Vibrational spectroscopy of an algal Phot-LOV1 domain probes the molecular changes associated with blue-light reception

Abstract

The LOV1 domain of the blue light Phot1-receptor (phototropin homolog) from Chlamydomonas reinhardtii has been studied by vibrational spectroscopy. The FMN modes of the dark state of LOV1 were identified by preresonance Raman spectroscopy and assigned to molecular vibrations. By comparing the blue-light-induced FTIR difference spectrum with the preresonance Raman spectrum, most of the differences are due to FMN modes. Thus, we exclude large backbone changes of the protein that might occur during the phototransformation of the dark state LOV1-447 into the putative signaling state LOV1-390. Still, the presence of smaller amide difference bands cannot be excluded but may be masked by overlapping FMN modes. The band at 2567 cm(-1) is assigned to the S-H stretching vibration of C57, the residue that forms the transient thio-adduct with the chromophore FMN. The occurrence of this band is evidence that C57 is protonated in the dark state of LOV1. This result challenges conclusions from the homologous LOV2 domain from oat that the thiolate of the corresponding cysteine is the reactive species.

FIGURE 1

The chromophore FMN and the light-induced thiol adduct where the sulfur of C57 is covalently linked to the carbon at position 4a of the isoalloxazine ring.

FIGURE 2

Infrared difference spectra of LOV1 in the S-H stretching region obtained after continuous illumination with blue light. The data shown are a zoom-out from the original spectra that have been recorded across the whole midinfrared range (7000–800 cm⁻¹). The negative band shifts from 2567 cm⁻¹ in H₂O (continuous line) to 1867 cm⁻¹ in D₂O (dashed line) accompanied by a decrease in extinction. Note the different absorbance scale in the two panels.

FIGURE 3

Light-induced FTIR difference spectra of LOV1. The spectrum of a highly concentrated protein solution in H₂O (continuous line) is overlaid by the spectrum of the protein dissolved in D₂O (dashed line). The indicated frequencies correspond to the measurement in H₂O and are summarized in Table 1.

FIGURE 4

Resonance-Raman spectrum of LOV1 in the unilluminated dark state (top trace).

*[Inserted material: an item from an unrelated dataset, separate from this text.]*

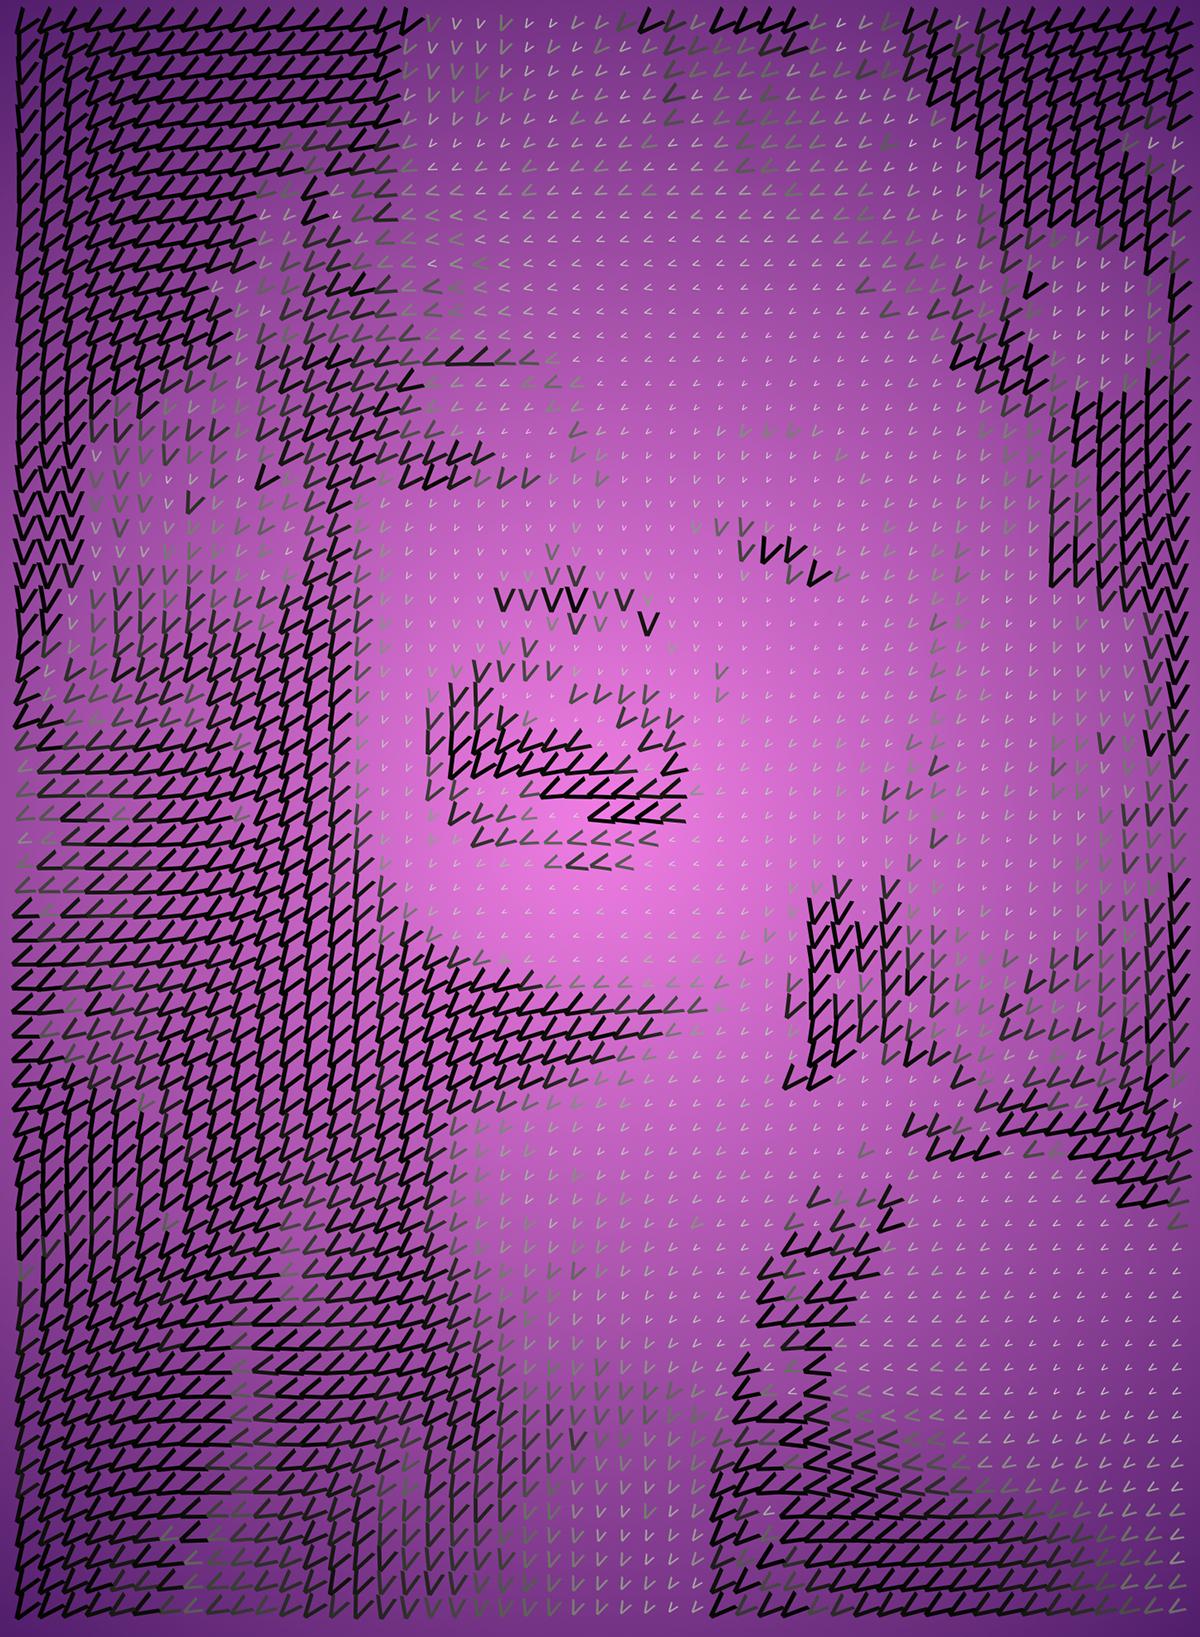 Shapeover ShapeoverArt VectorField galvanize ImageStudioProduction art design app

The spectrum has been obtained under preresonant conditions with excitation at 752 nm. For comparison, the Raman spectrum of FMN dissolved in H₂O (middle trace) and of FMN in the solid state (bottom trace) are depicted. Dashed vertical lines correspond to the frequency of those LOV1 bands that are discussed in the text.

FIGURE 5

Comparison of the preresonance-Raman spectrum of the dark state of LOV1 (bottom trace) with the blue-light-induced FTIR difference spectrum. Spectra have been replotted from Figs. 3 and 4. Vertical dashed lines indicate bands of the chromophore of the dark (unilluminated) state of LOV1 that are detected by both vibrational techniques.